The next thud was louder and more clear, and when Asgeir raised his head, the blood froze in his veins. The horrid figure emerged from the milky mist and trampled on several half-eaten corpses while turning its blind sockets towards Asgeir’s racing heart. It was larger then the tales told, standing almost thrice his height and many times his weight. The fog swirled around it and froze into solid, tinkling gems that covered its entire arm, from thumbs to shoulders.
There was no hiding now—the jotun saw him. Or rather sensed that he didn’t belong there, between the lifeless cadavers of once mighty warriors and heroes. He was way too alive for that. Asgeir lept back just before the colossal fist smashed down where he previously stood, shredding a wooden shield to pieces and flinging pieces of bone to all directions. Nobody knew what drove the children of Ymir into such a frenzy, but people told about them in every hideaway. Life slipped from them the moment the Gjal sounded, and so did the tolerance for any living thing. They smashed apart villages, uprooted glades and massacred anything that crossed them.
Asgeir rolled to the side, avoiding the massive foot crushing him like a bug and looked around for a weapon.

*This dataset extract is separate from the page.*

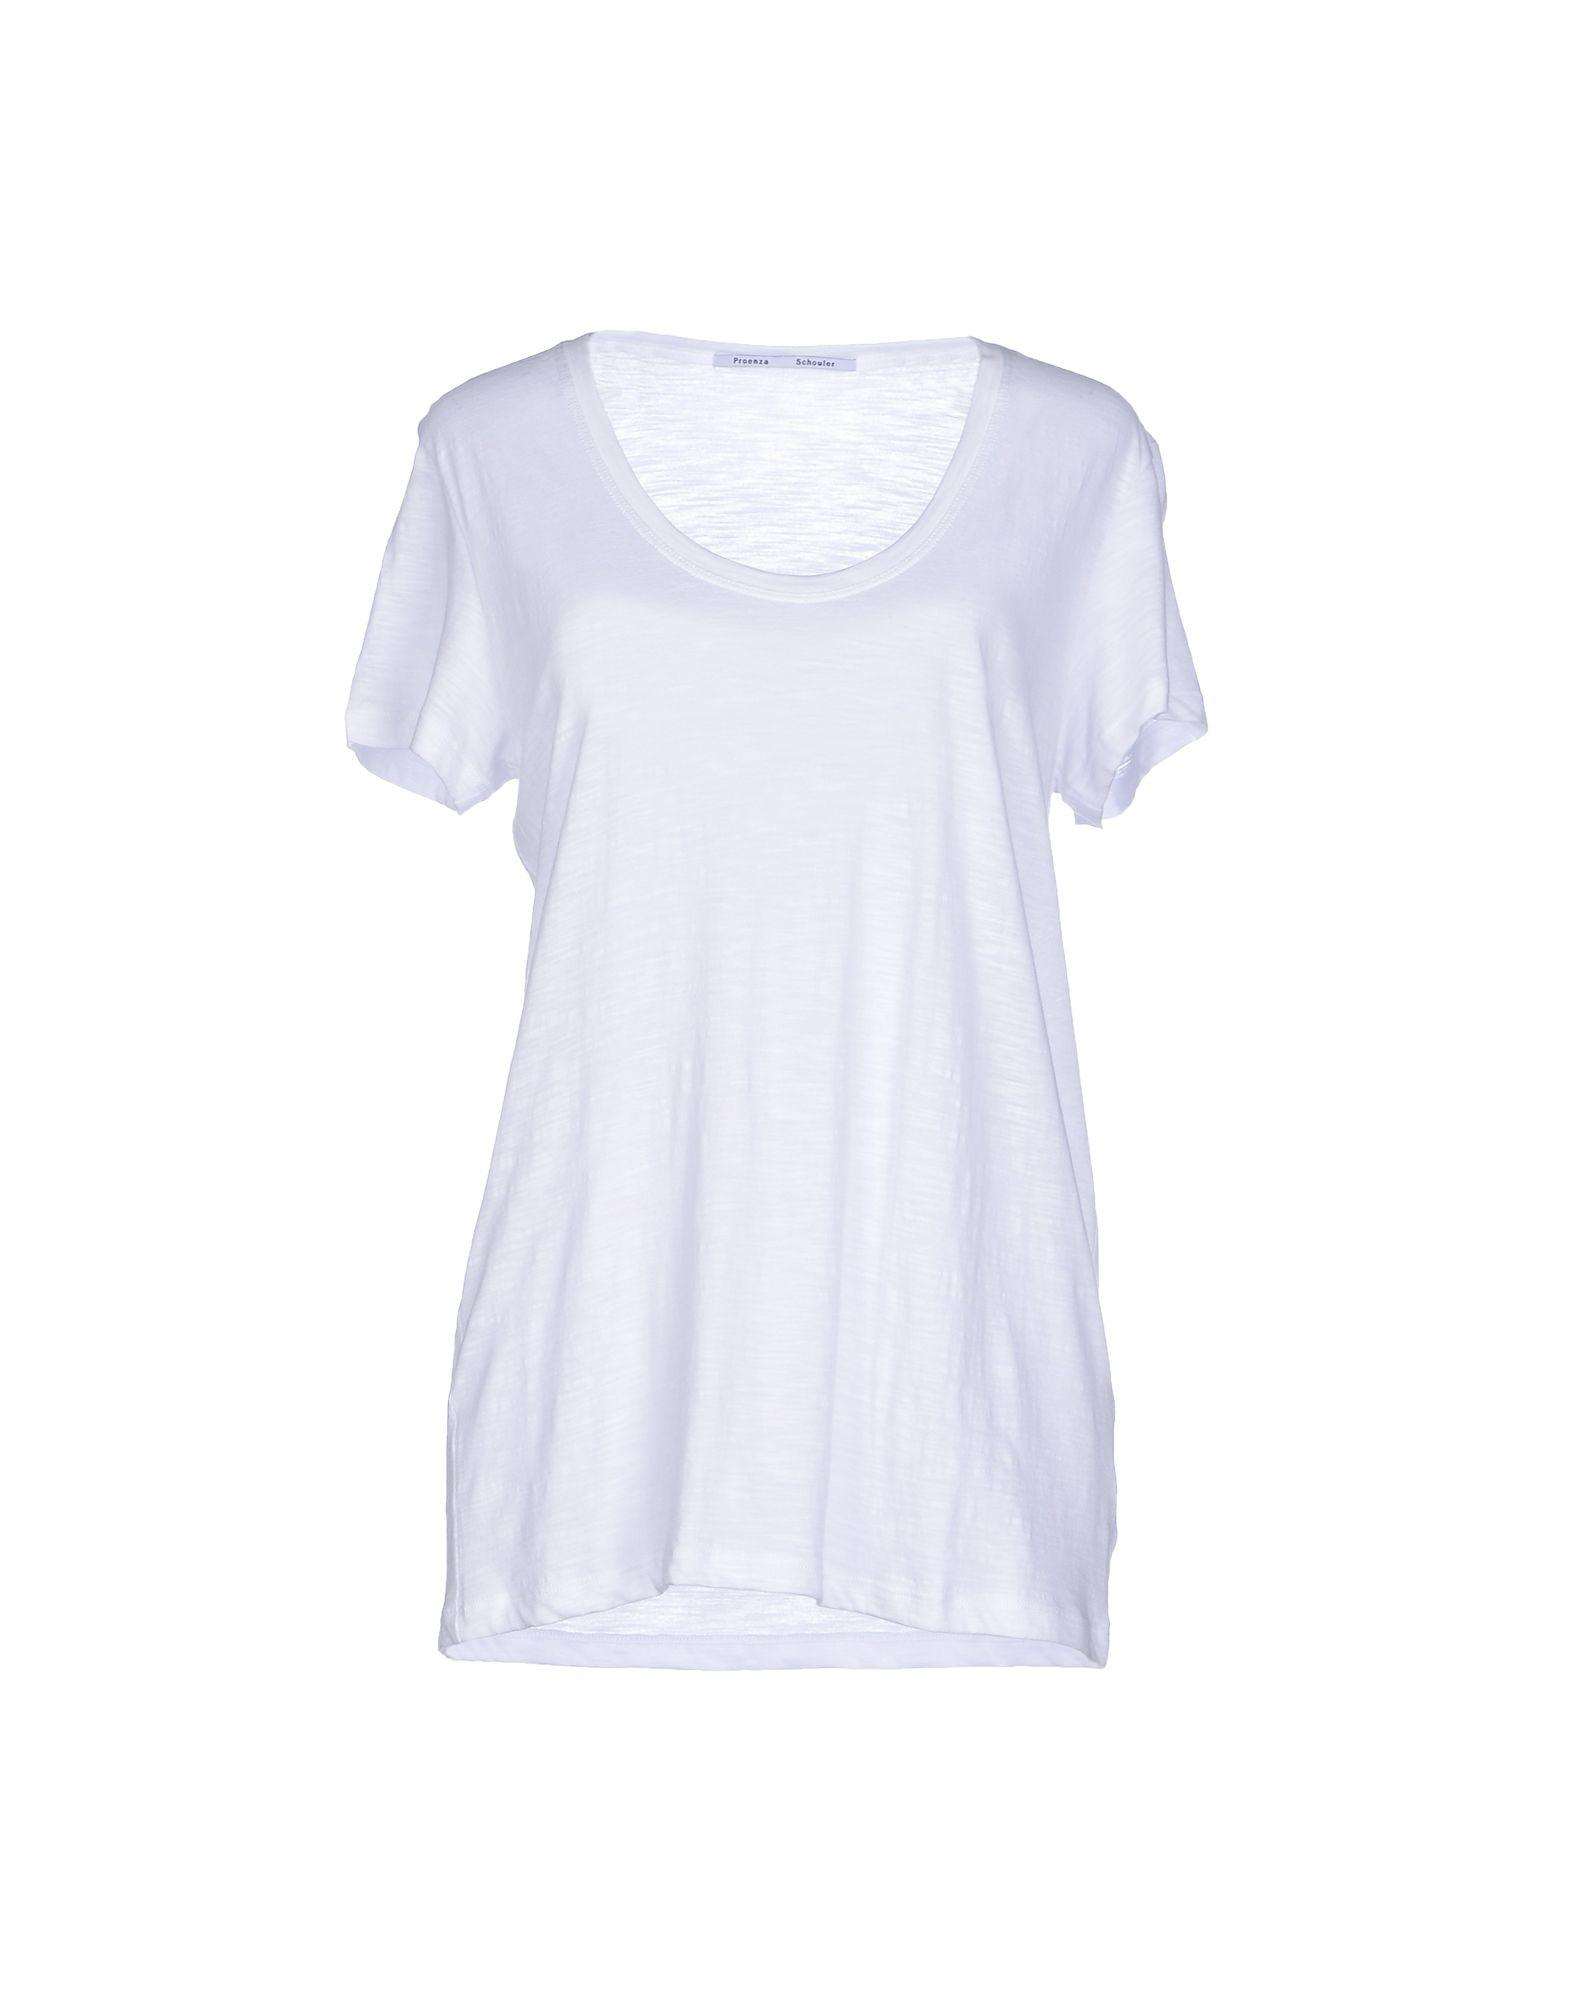 proenza schouler t shirt in white lyst

There was nothing that could save him from the jotun, but by Odin, he wasn’t going down without shedding blood.
He caught something glistening under a mound of rotting flesh and heavy leather cuirasses. Asgeir didn’t hesitate, he just rushed towards it and grasped the handle with both hands. He heard the jotun thudding behind him, crossing the distance with a few steps and casting a deathly shadow over him. The weapon wasn’t giving. The chilling presence of the giant bit him all throughout his body, but he couldn’t run away. There was no use. He’d only die a coward, and he refused even now, when no god was alive to judge him.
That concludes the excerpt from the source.